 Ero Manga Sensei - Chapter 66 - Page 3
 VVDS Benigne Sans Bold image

--

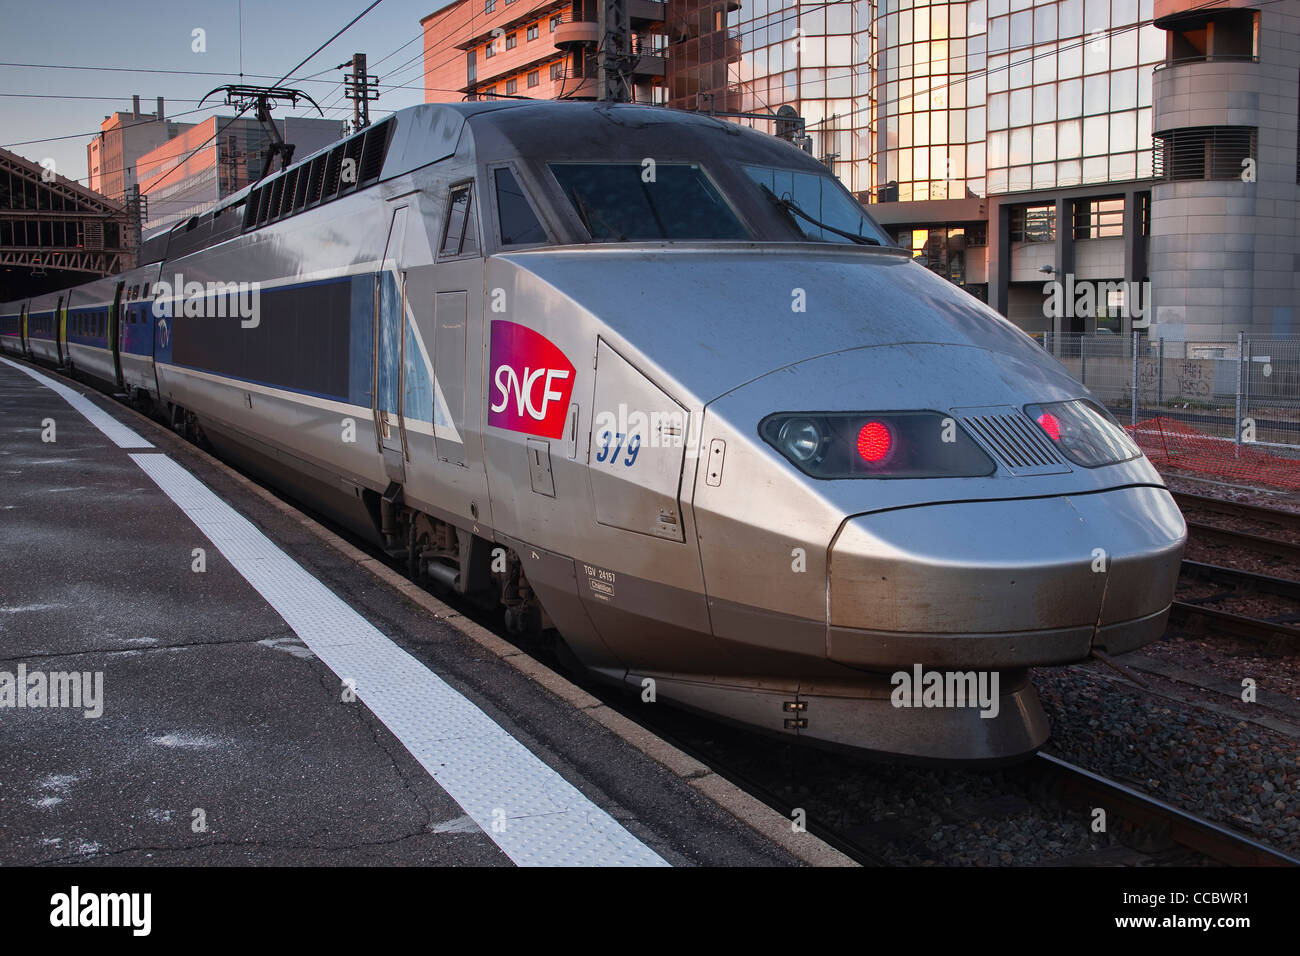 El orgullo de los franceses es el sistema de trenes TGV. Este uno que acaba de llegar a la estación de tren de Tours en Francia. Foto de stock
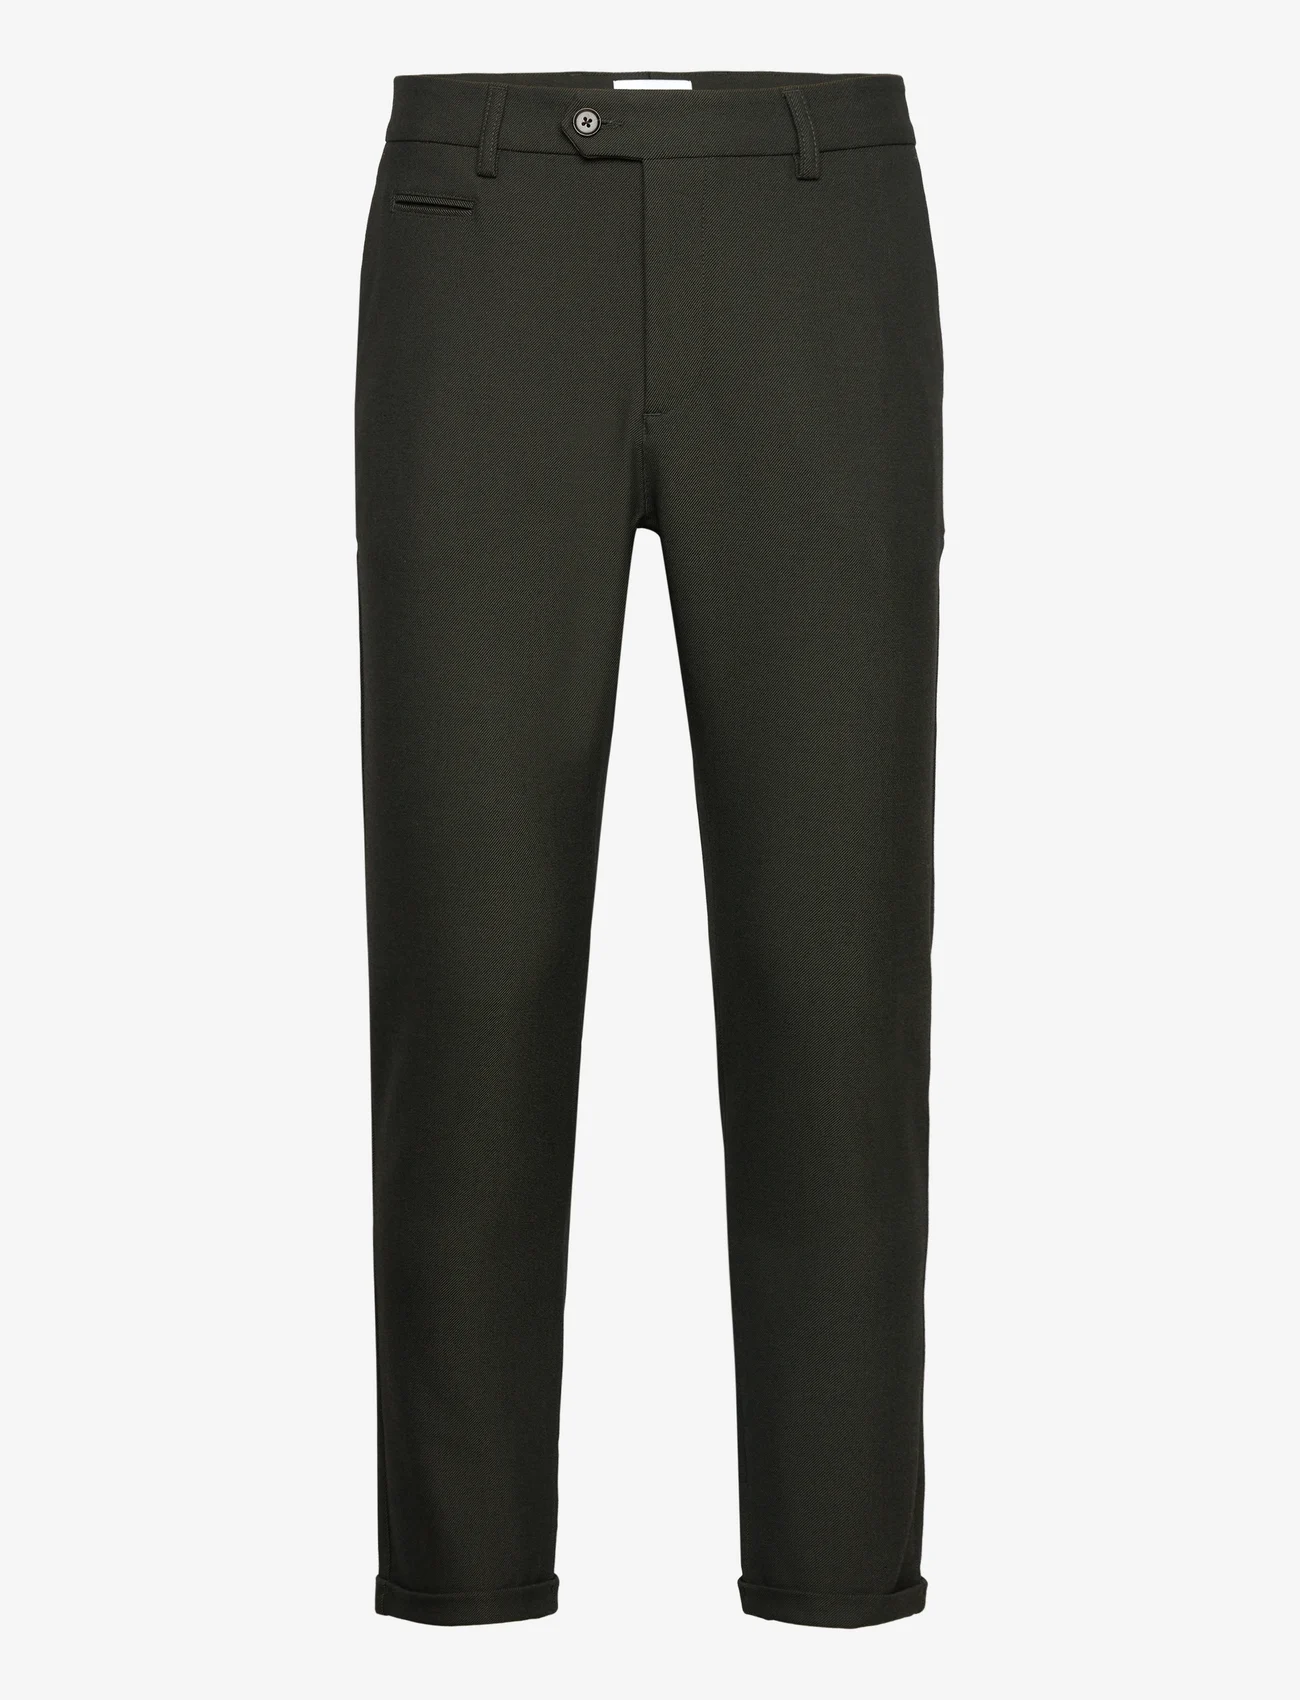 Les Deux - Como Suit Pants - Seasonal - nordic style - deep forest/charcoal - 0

* * *

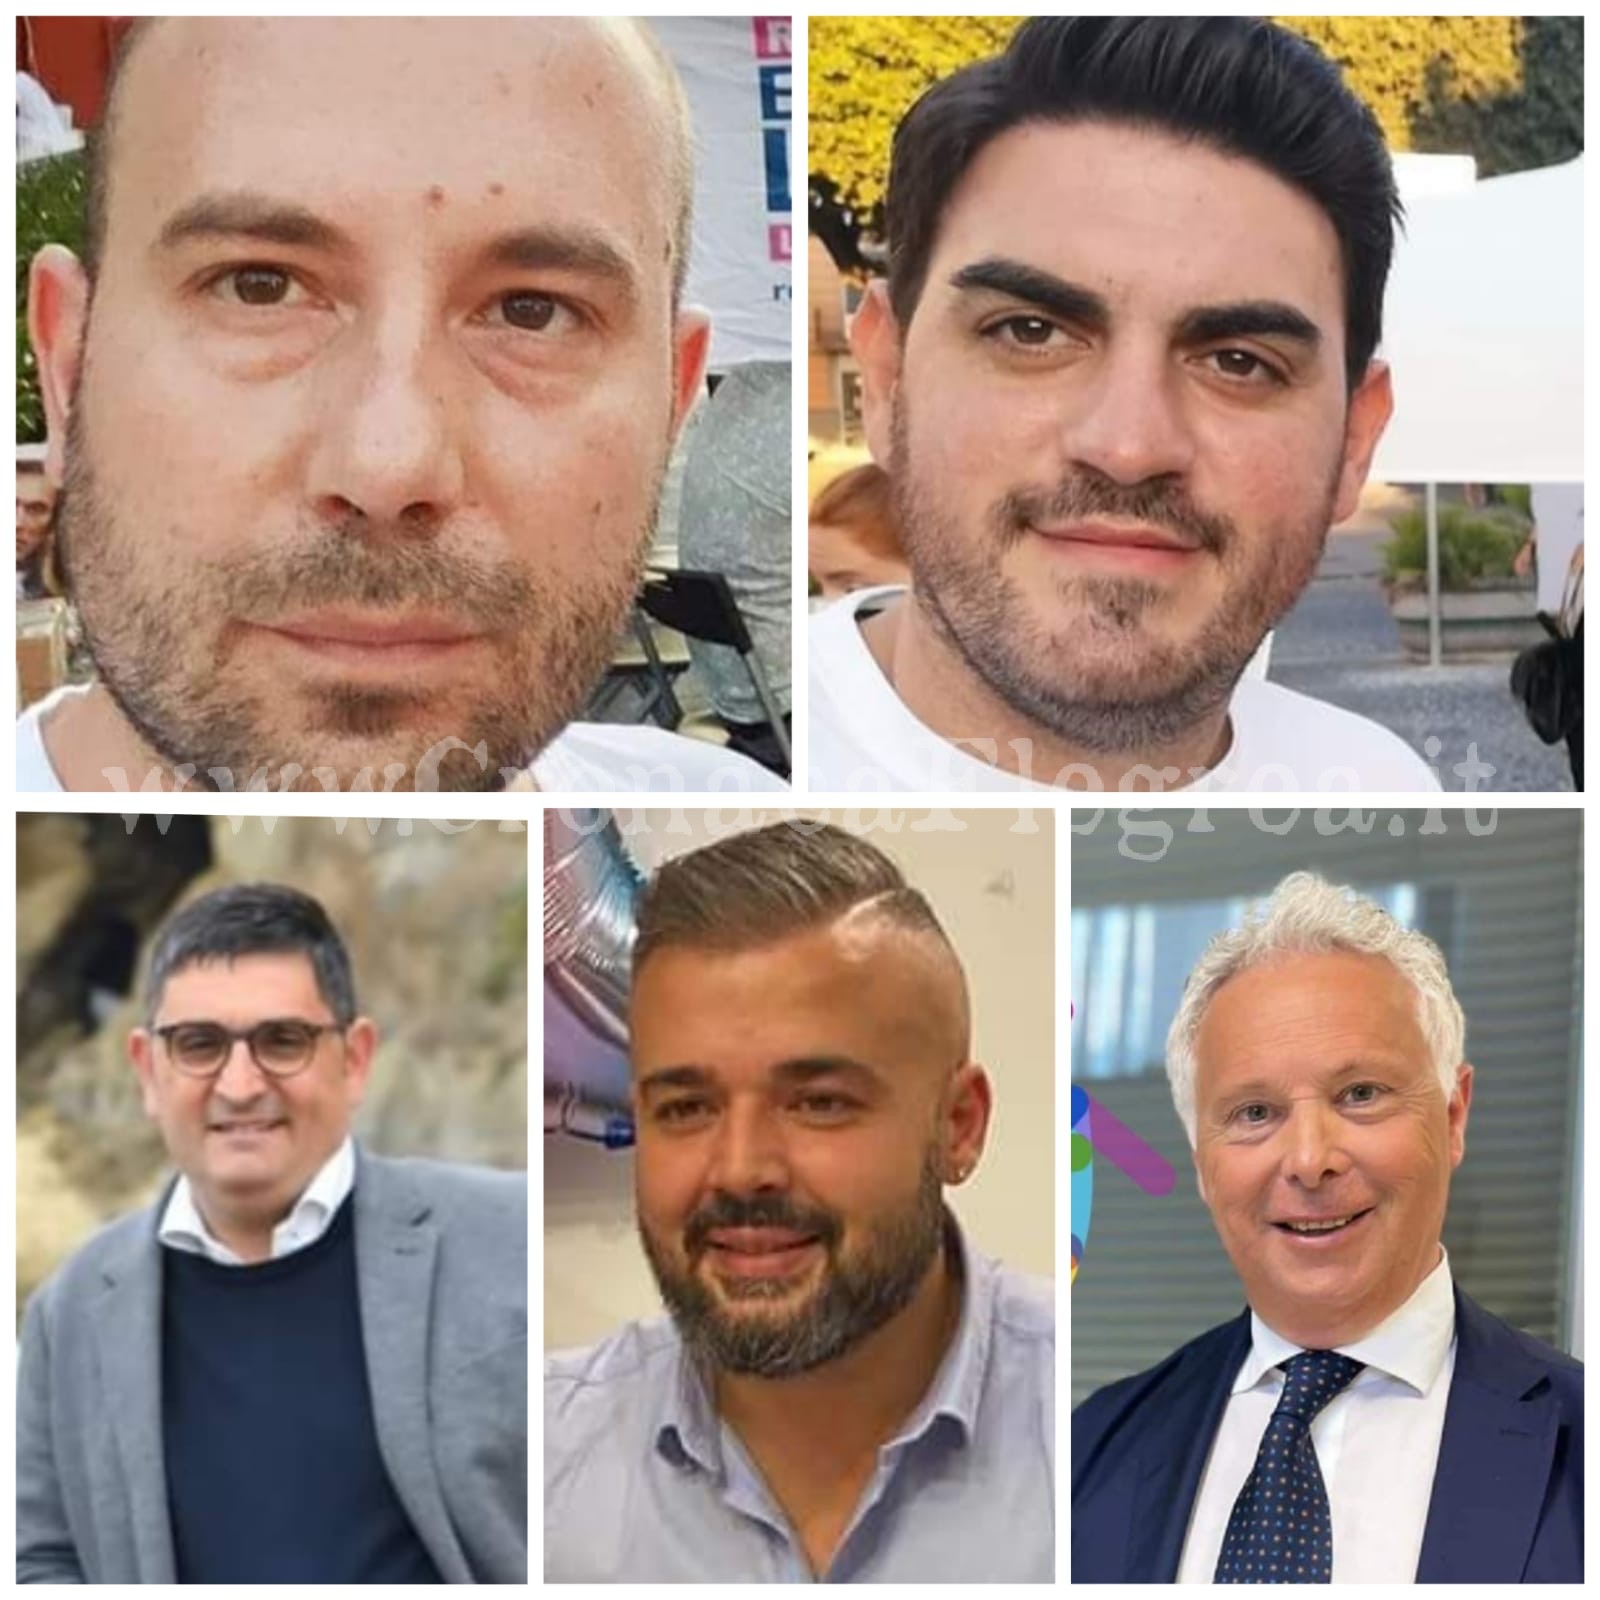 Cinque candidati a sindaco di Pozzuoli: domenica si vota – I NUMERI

● Work instructions: Could you set down, exactly as written, the lines above between the one holding "Ero Manga Sensei - Chapter 66 - Page 3" and the one holding "VVDS Benigne Sans Bold image", inclusive, and nothing more?

● Task solution:
 Ero Manga Sensei - Chapter 66 - Page 3
 VVDS Benigne Sans Bold image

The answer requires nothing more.